HOW TO COMPLETE THIS TASK: Please transcribe the data below in full, word for word, without the images.

RECORDED INFORMATION:
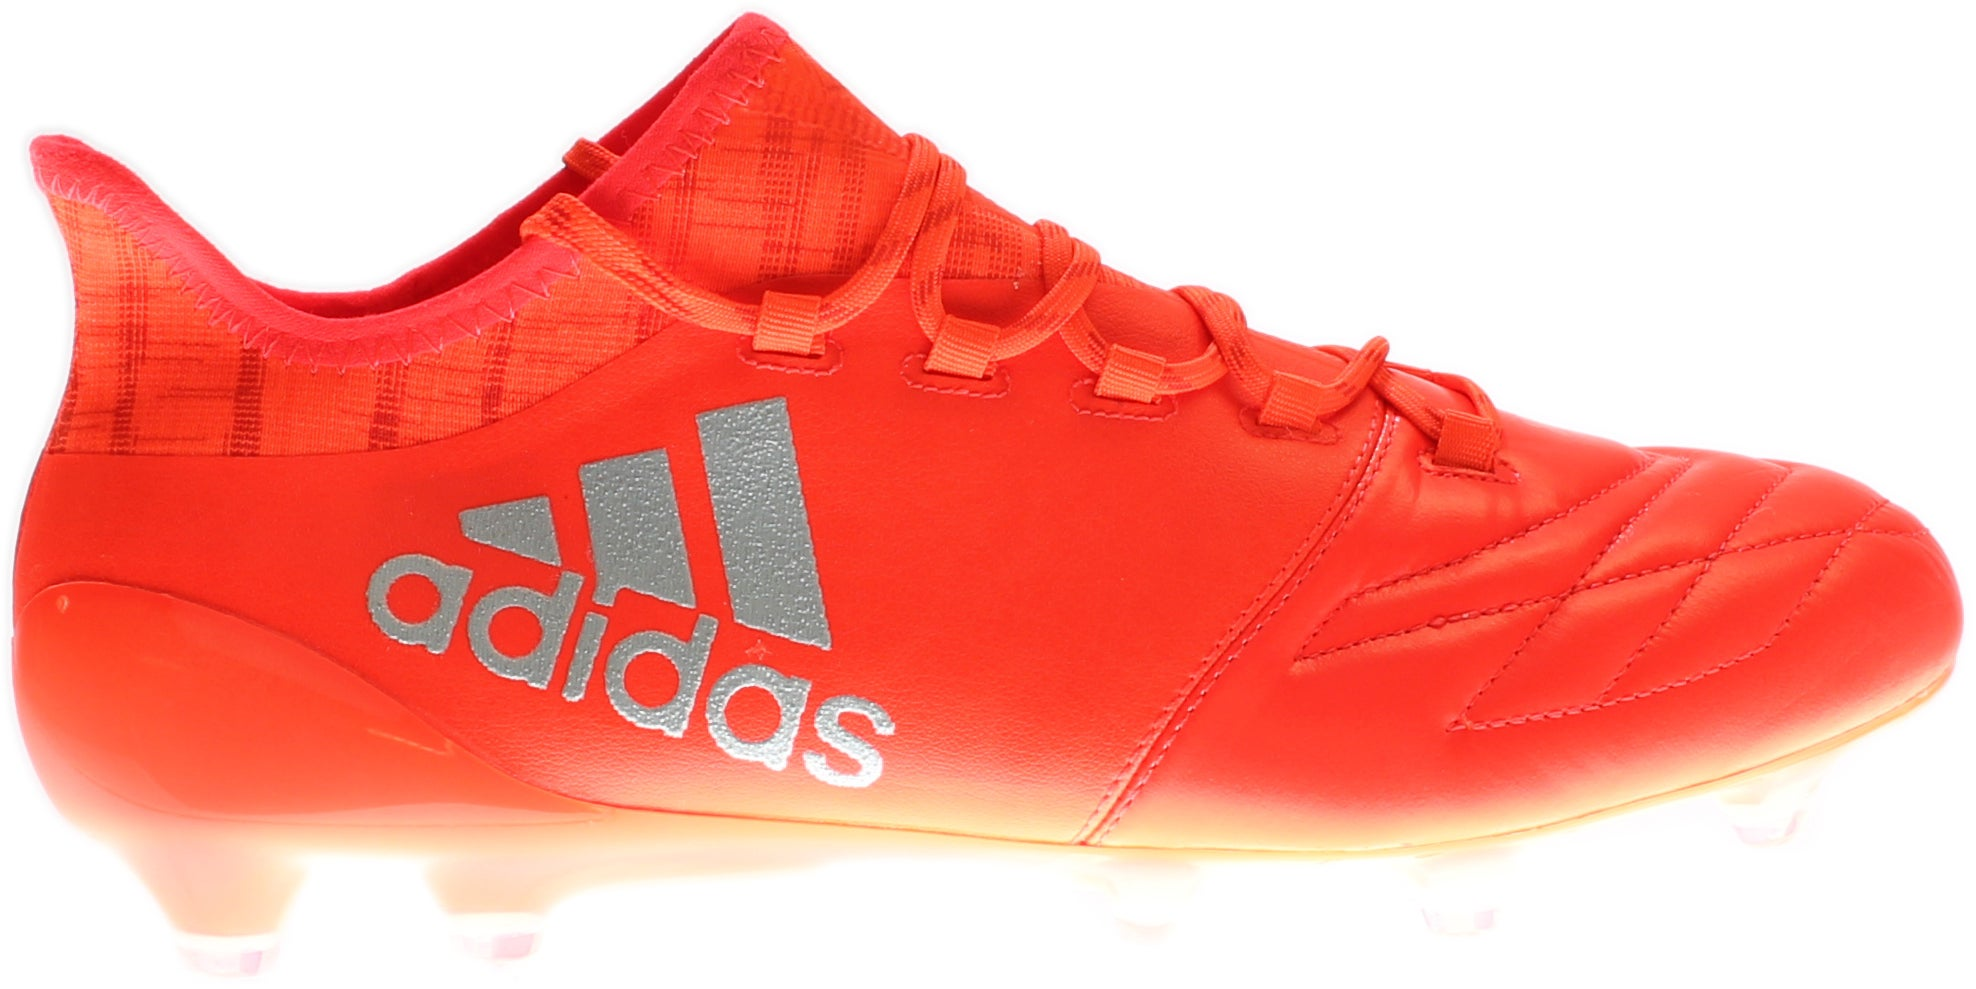 adidas X 16.1 FG Leather Orange;Red - Mens  - Size 6.5
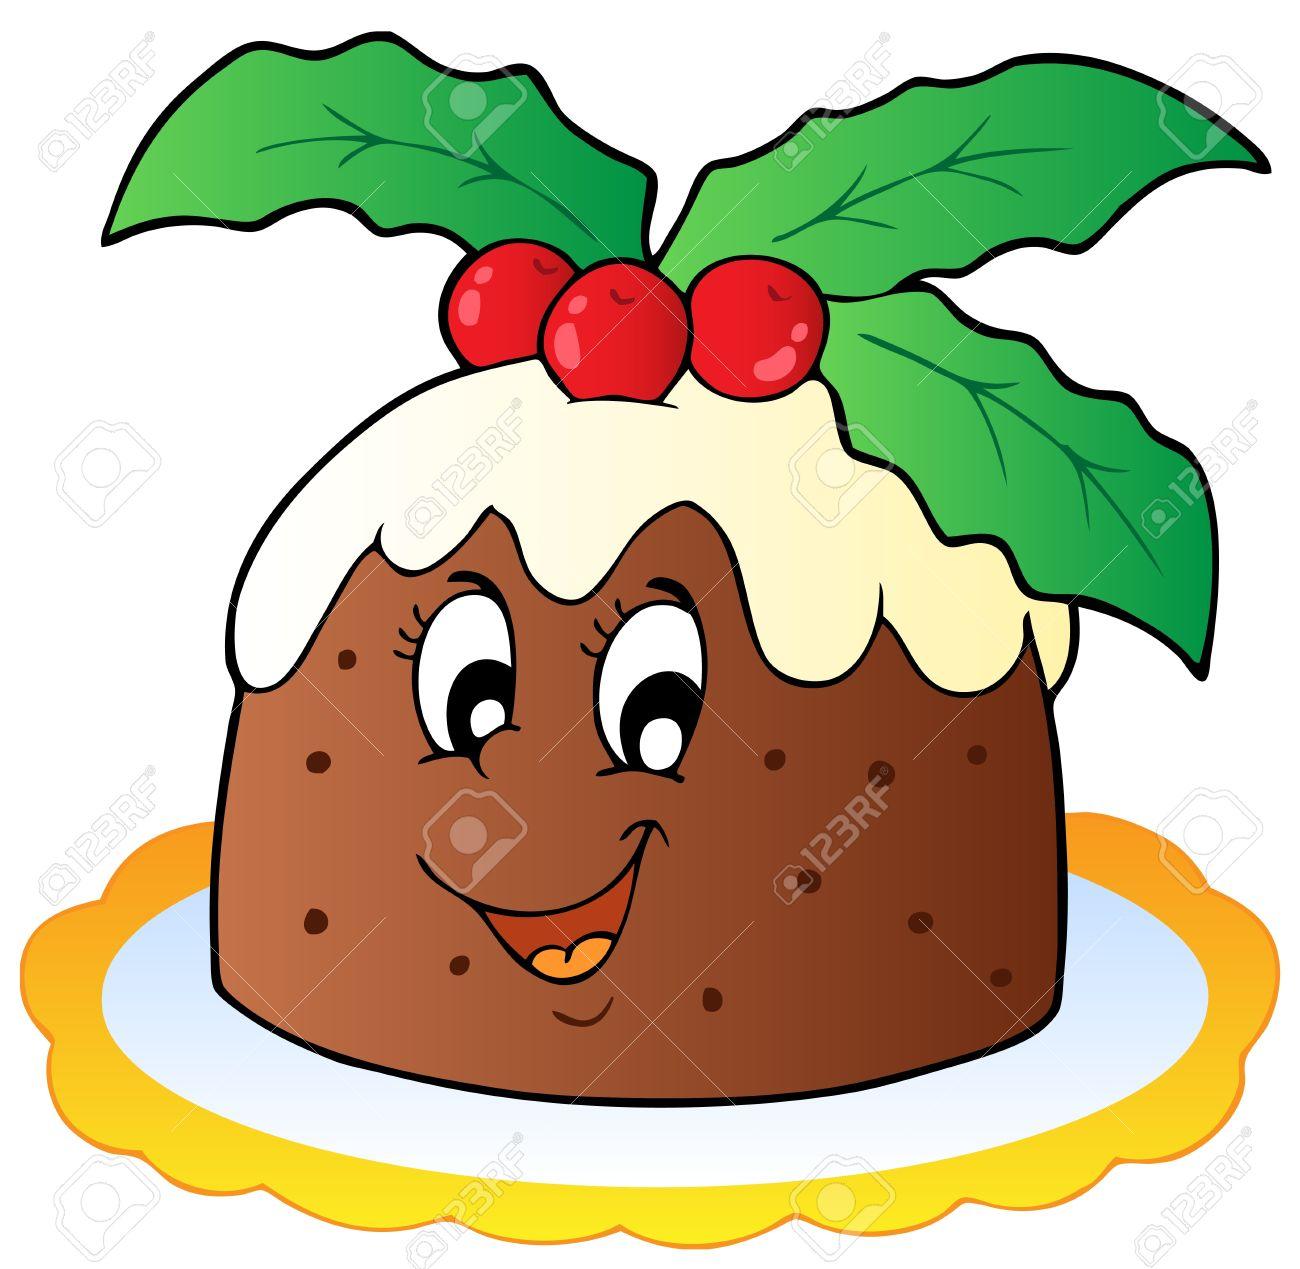 Cartoon Christmas pudding.
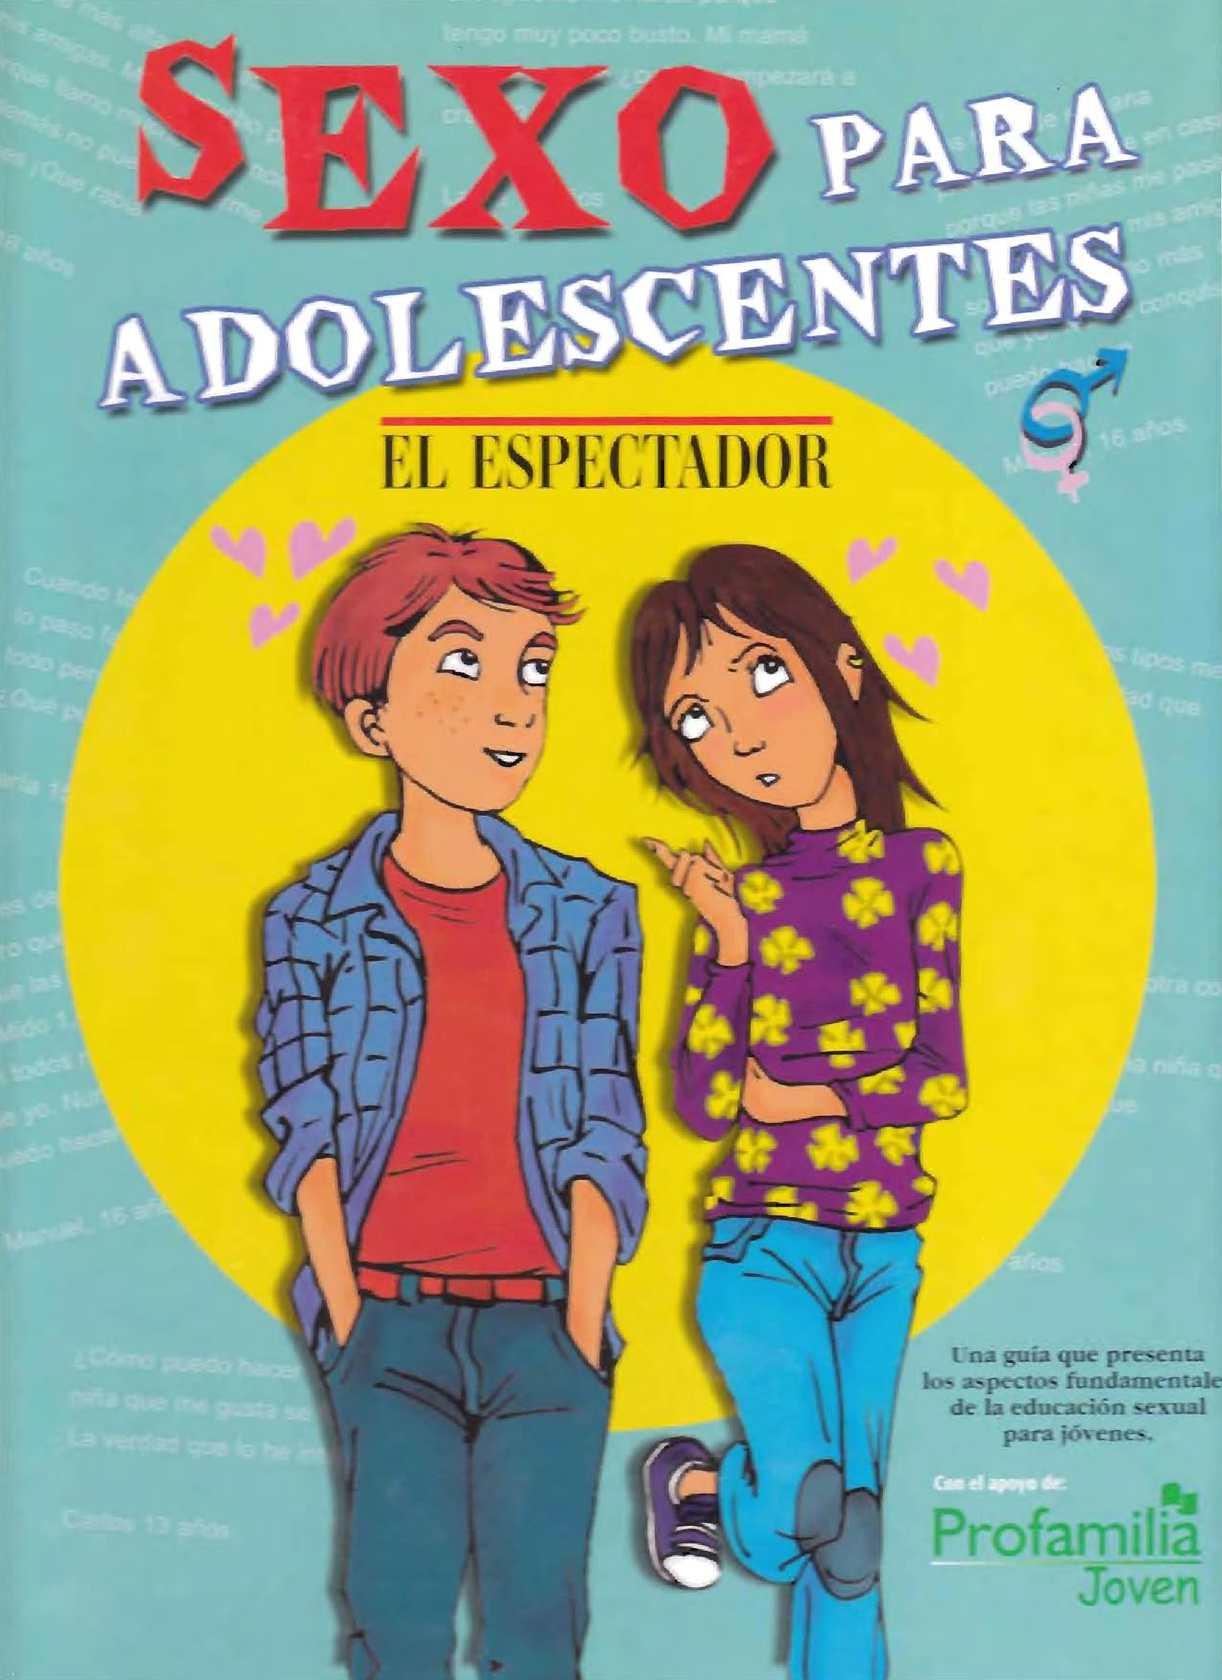 Sexualidad Adolescentes Sexualidad Adolescentes En En Calaméo Sexualidad Adolescentes Calaméo En Sexualidad Calaméo Calaméo cOqqSTFAU

ANSWER FOR THIS EXERCISE:
 adidas X 16.1 FG Leather Orange;Red - Mens  - Size 6.5
 Cartoon Christmas pudding.
 Sexualidad Adolescentes Sexualidad Adolescentes En En Calaméo Sexualidad Adolescentes Calaméo En Sexualidad Calaméo Calaméo cOqqSTFAU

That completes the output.